Amid all the holiday travel, I managed to see Star Wars: The Force Awakens, and have been considering what to say about it. I find I don't really have much.

(1) The story's not very original, of course, but the characters are excellent. This is seen in any number of ways. The most obvious is that they don't whine -- even Kylo Ren doesn't really whine, despite the fact that he often looks like he wants to do so. We've had whining characters in Star Wars from the beginning; Luke spent a lot of time whining, and Anakin took whining to the level of a performance art.

They also don't respond in wooden ways, which is a massive improvement as well. Just the acting and character direction on their own make the movie better than any of the prequels. One of the things that makes the movie is that Finn and Rey, without either of them being in any way goofy characters, do ebullience very well. My favorite moment in the movie is when Rey manages to bypass the technobabble-thingamajig and she is practically sparkling with triumph, which sets up Han's dry, understated reaction to it perfectly.

(2) The theme of the movie is the danger of fear; it pops again and again as something that holds us back from good. And their doing so is generally handled well, and in ways suitable to the characters. And it's notable that what both Rey and Finn need to overcome their very different fears is friendship -- both of them escape their fears when they are put in situations in which they realize they can no longer use being alone in the world as an excuse.

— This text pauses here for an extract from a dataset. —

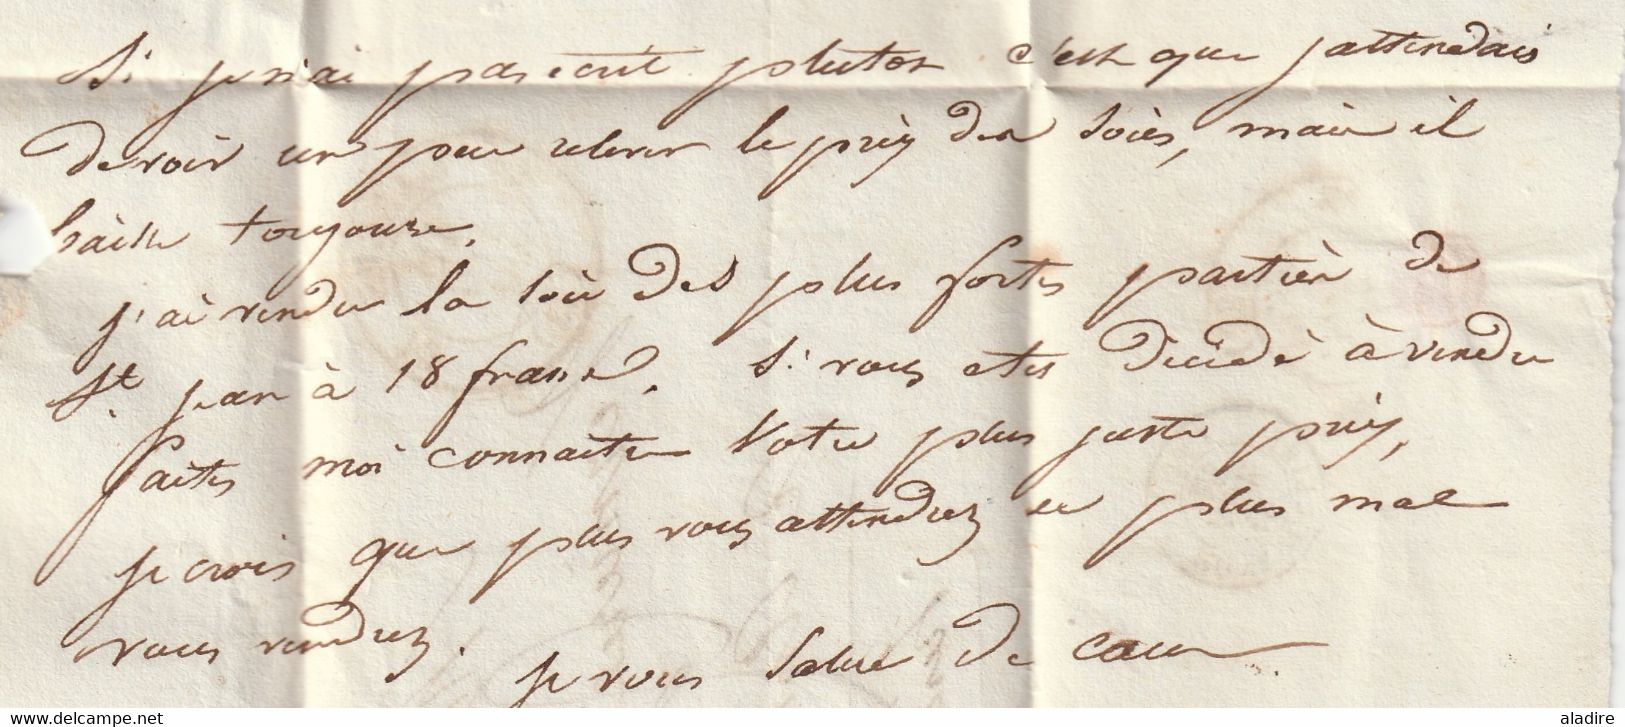 1842 - D4 Grand cachet à date type 12 simple fleuron sur Lettre avec texte de Ganges, Hérault vers Aniane - taxe 3 décim
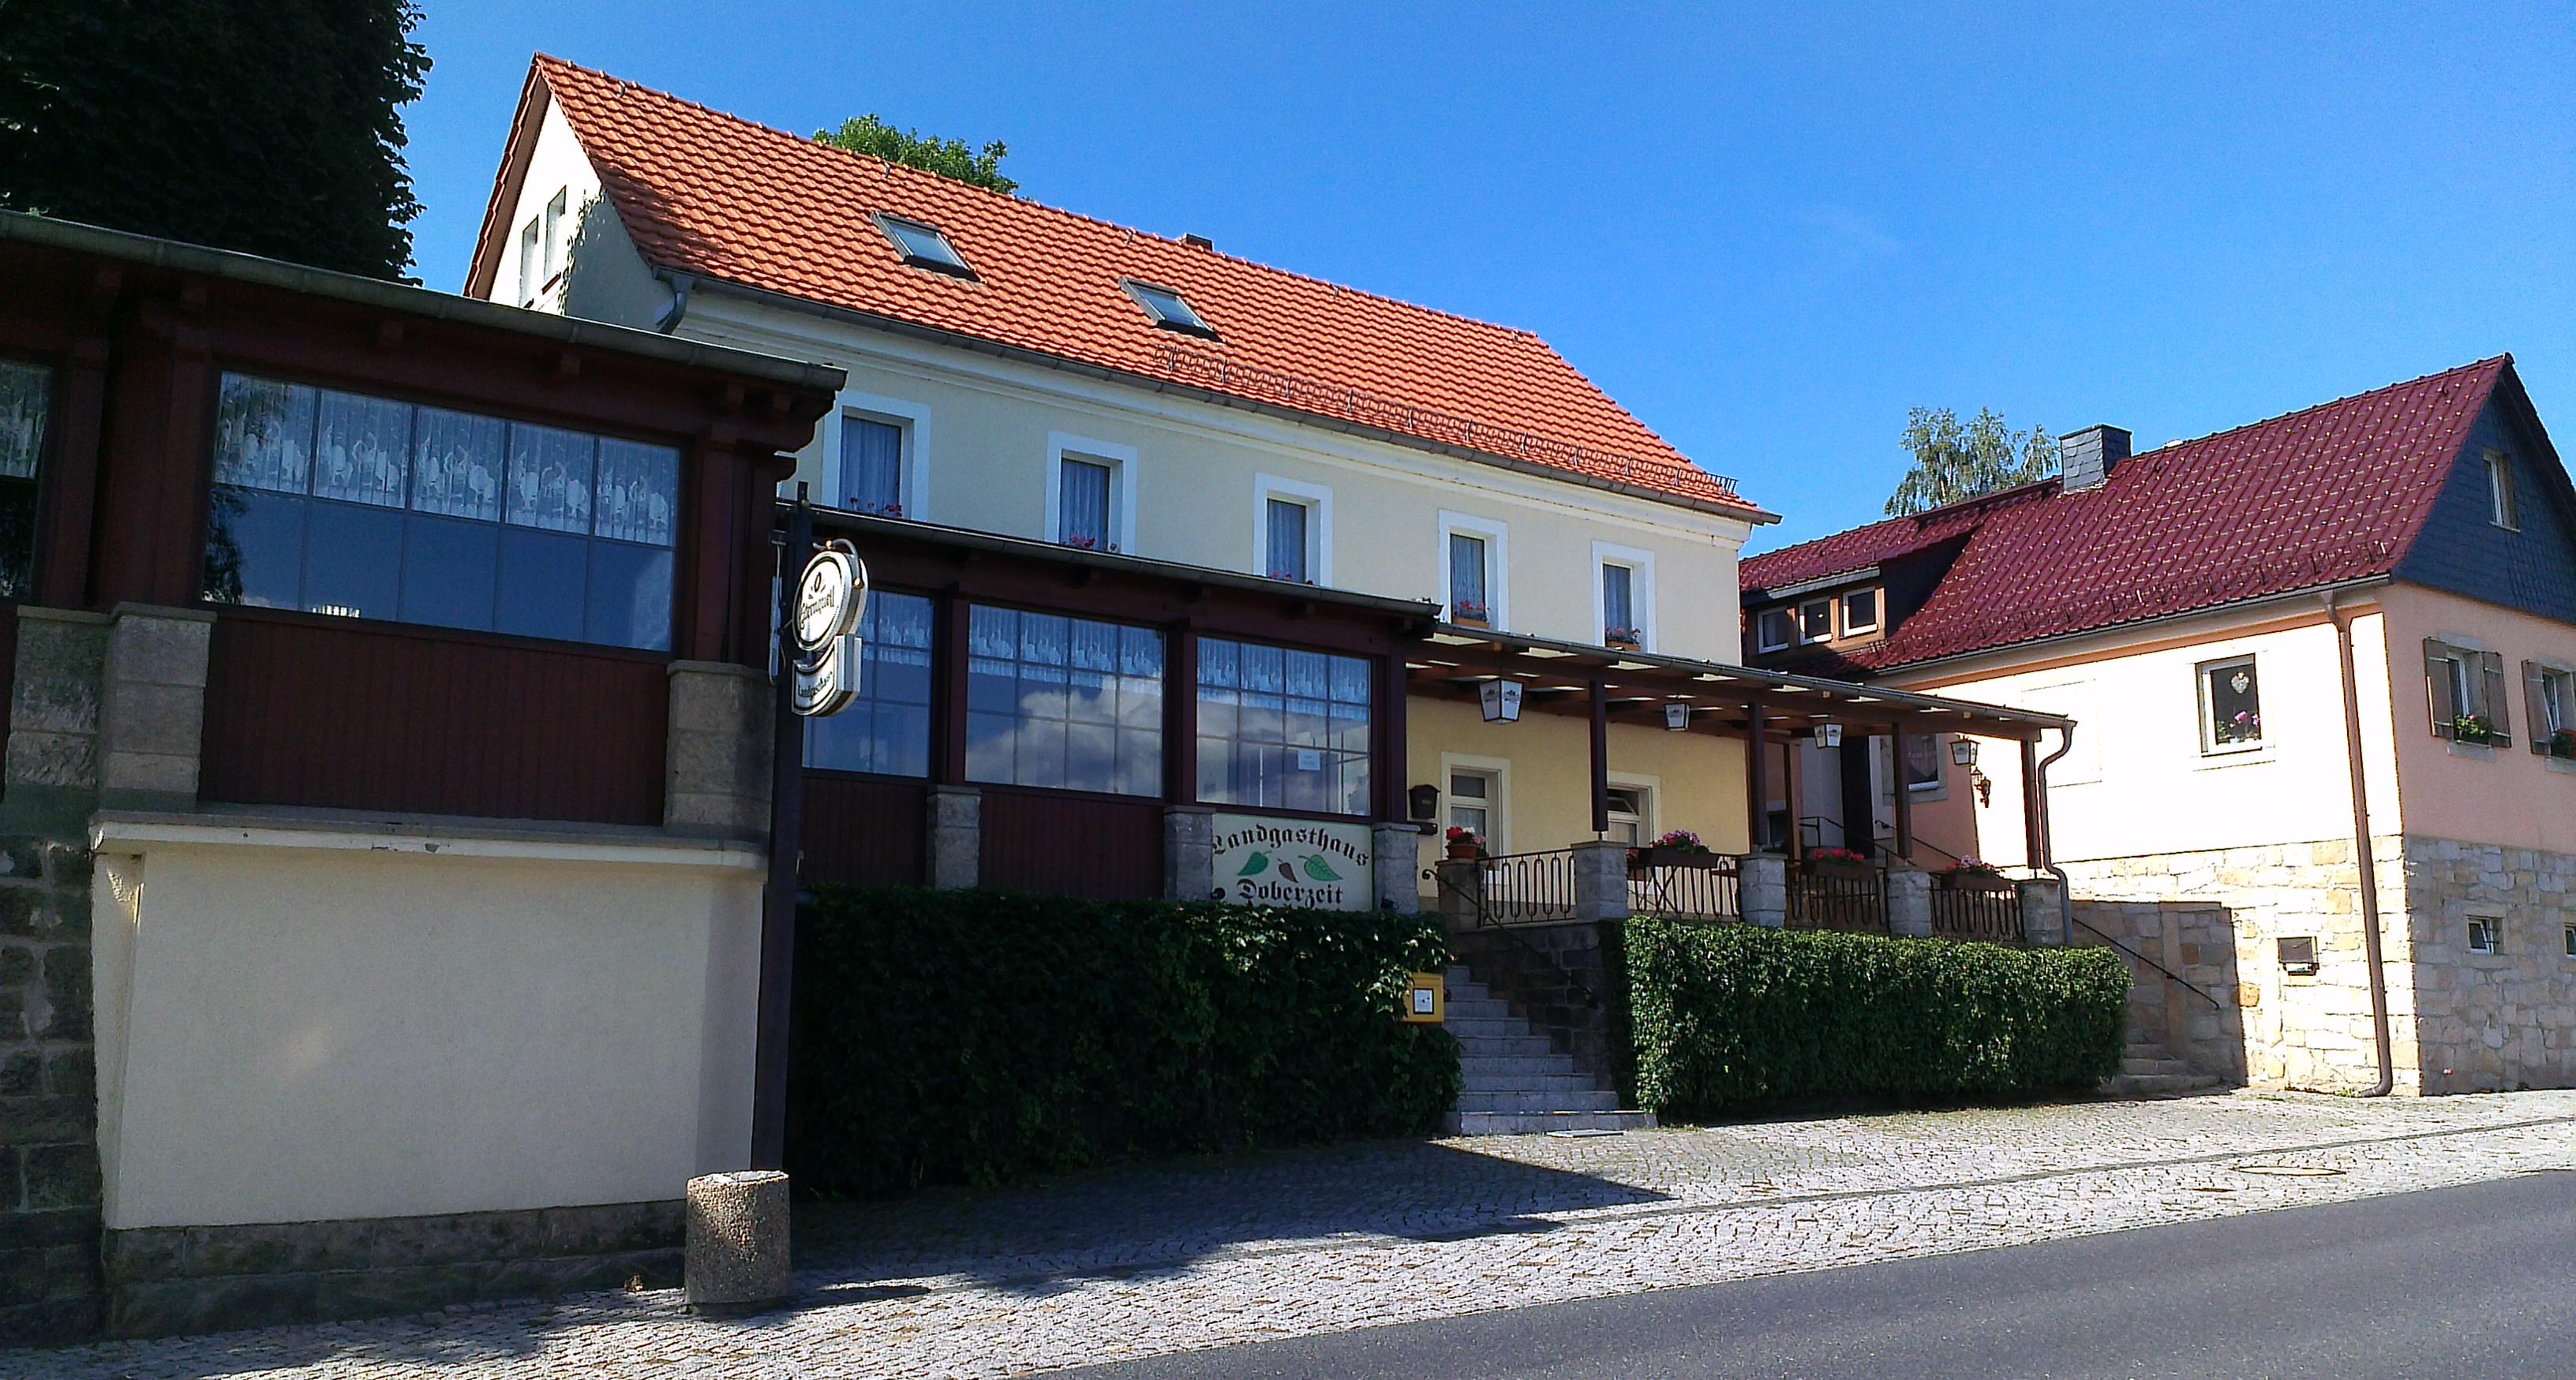 Bild 1 Landgasthaus Doberzeit in Lohmen

(3) There are some weaknesses. The battle and duel choreography have nothing of the excellence of the best fights of the earlier movies, for instance. Even minor fights in the prequels, for instance, were better choreographed than anything here. (It does help a lot that the movie makes it easier to care about the characters involved in these sequences. That was the problem with the prequels -- carefully choreographed fights between characters with whom we had little connection in circumstances that usually seemed not to matter much. And one of the worst choreographed fights in all of the movies, that between Darth Vader and Obi-Wan Kenobi in Episode IV, is one of the best fights of all, precisely because it is between characters who really matter under circumstances that really matter and is played out in a way that continues to matter for the story. There's nothing on that level here, but it does at least avoid the sterility of the prequels.)